Although in this simple example I could rewrite the rule so as not to use recursion, I have some existing grammars that I would prefer not to rewrite.

How can I write a self-reference rule in LPeg?

+5
source share
2 answers

Use grammar .

Using Lua variables, you can sequentially define patterns; each new pattern uses previously defined patterns. However, this method does not allow you to define recursive patterns. For recursive patterns, we need real grammars.

LPeg is a grammar with tables where each entry is a rule.

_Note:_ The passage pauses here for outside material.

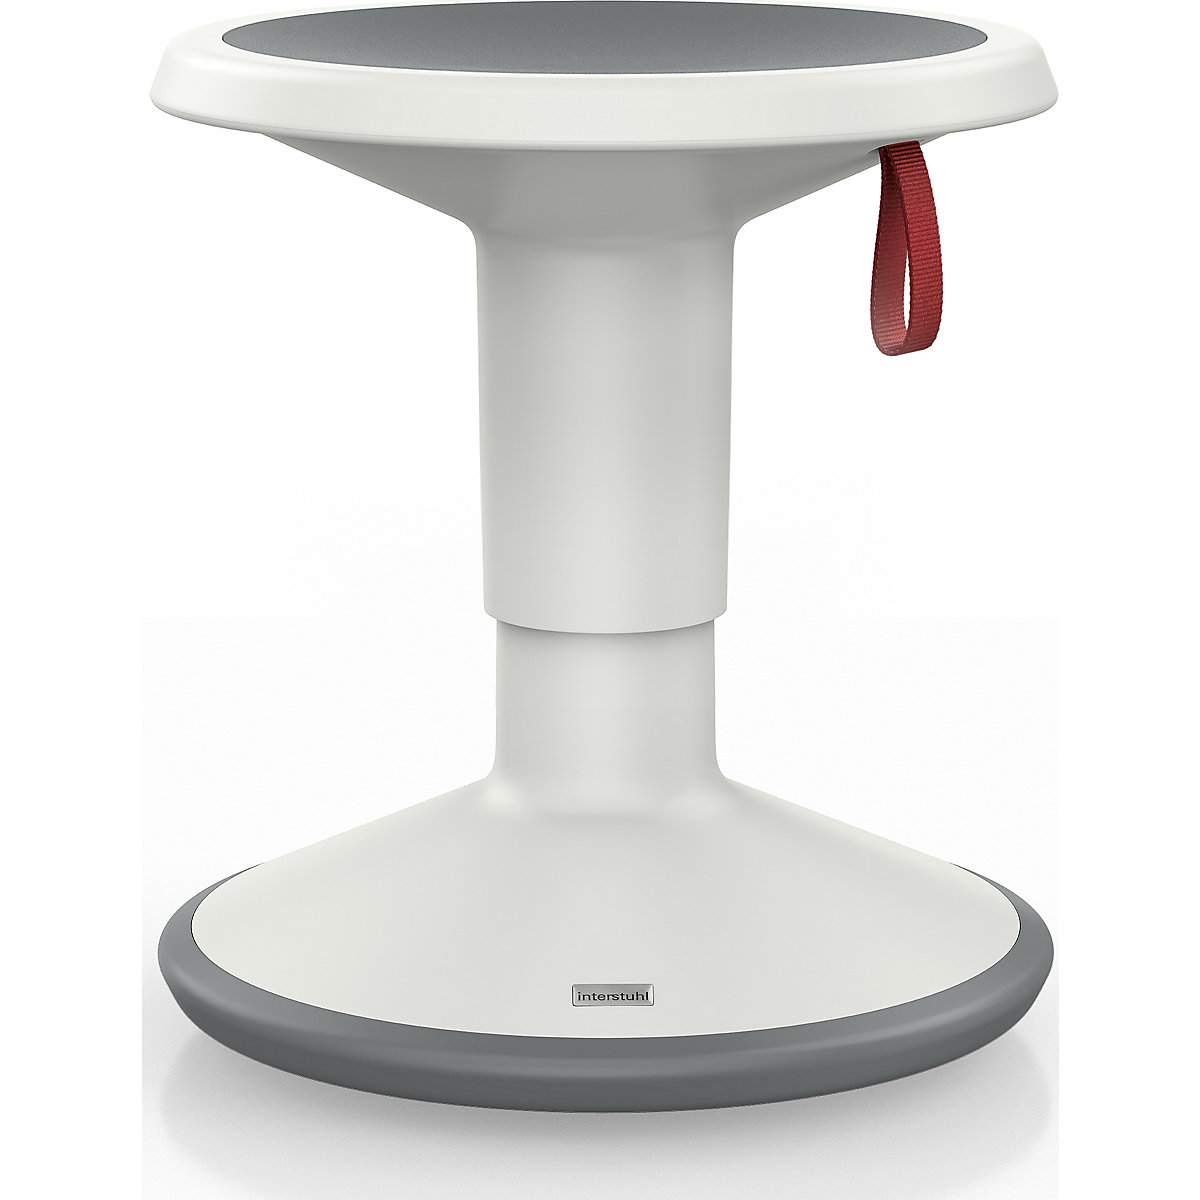 interstuhl – UP multifunctional stool, height adjustable 375 – 490 mm, grey white

Calling lpeg.V (v) creates a template that represents a nonterminal (or variable) index v in the grammar. Since the grammar still does not exist when this function is evaluated, the result is an open reference to the corresponding rule.

A table is committed when it is converted to a template (either by calling lpeg.P, or by using the template in which it is expected). Then, each open link created by lpeg.V (v) is corrected to refer to a rule indexed by v in the table.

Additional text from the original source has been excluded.